Но современники были вполне правы, что именно так поняли поступок Пальмерстона 14 декабря. Только в наиболее заинтересованной стране, в России, не все правильно оценили самый смысл происшедшего изменения в составе английского кабинета и сначала очень оптимистически истолковали его.

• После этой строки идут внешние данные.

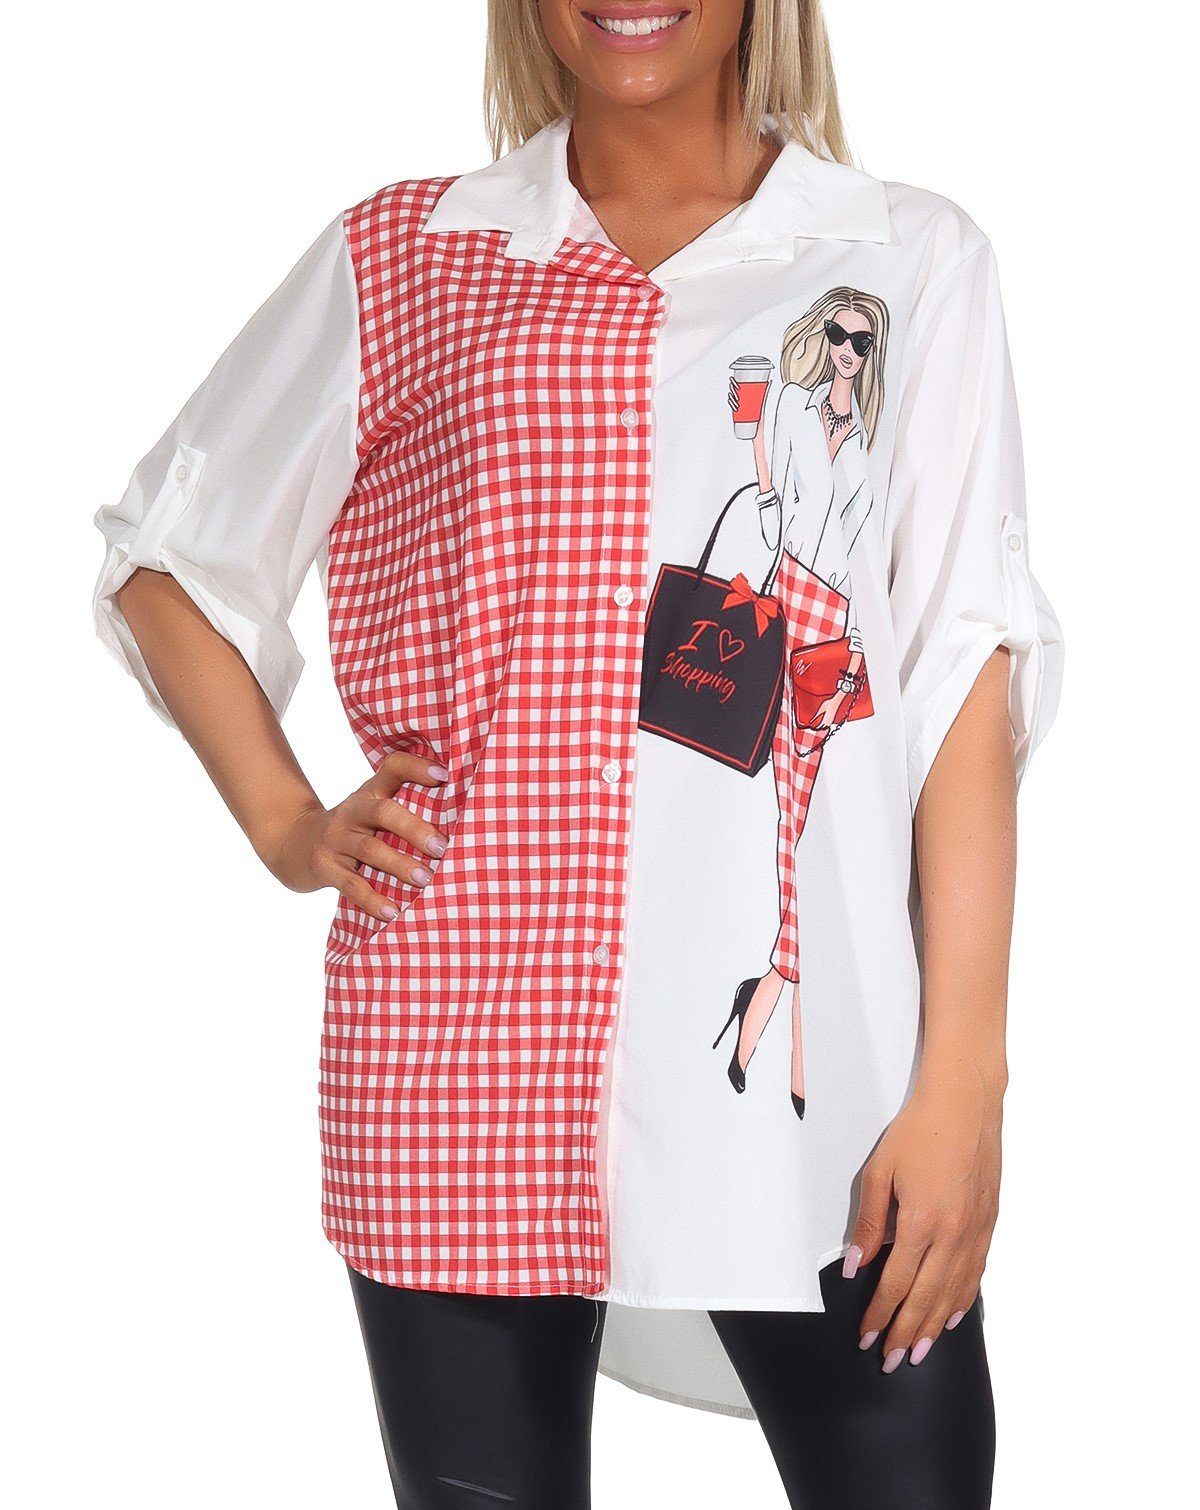 Mississhop Hemdbluse Damen Hemdbluse mit modernem Print Bluse Freizeit M. 376 Model 5

Характерный отклик этого бродившего по обеим русским столицам и шедшего от императорского двора толкования отставки Пальмерстона мы находим в письме московского митрополита Филарета к наместнику Троице-Сергиевой лавры Антонию. Мимоходом скажу, что любопытный вообще документ это письмо. Филарет был очень умен, очень хитер, крайне осторожен, упорный крепостник, черствый, бессердечный православный иезуит, притеснитель низшего духовенства, гонитель раскольников, гонитель всякой мало-мальски живой мысли. Но в одном он был не грешен: не очень он полагался на военную мощь николаевской России и никогда не верил в закидыванье шапками всех супостатов. И изливал он свою душу единственному человеку, о котором он мог думать, что тот на него святейшему синоду не донесет: вот этому троице-сергиевому Антонию. Сообщая Антонию об отставке Пальмерстона, Филарет все же делает умную и проницательную оговорку к казенной оптимистической интерпретации: "После истребления турецкой эскадры все английские газеты возопияли против России. Говорят, что королева потребовала от министров дознания, отчего это... По дознании оказалось, что это по возбуждению от лорда Пальмерстона. Королева, говорят, поблагодарила его за службу и сказала, что не имеет в нем больше нужды. Теперь пишут, что он выходит из министерства... Если это правда - да спасет бог королеву. Но можно опасаться, что Пальмерстон составит сильную оппозицию и низвергнет нынешнее министерство; и тогда может быть последняя горше первых".
То, чего опасался Филарет, уже произошло в Лондоне как раз в те самые дни, когда митрополит московский писал свое письмо, такое фантазерское в начале и такое здравомыслящее в конце: 24 декабря 1853 г. Пальмерстон, согласно просьбе кабинета, снова занял в нем место. Это было совершенно неизбежно.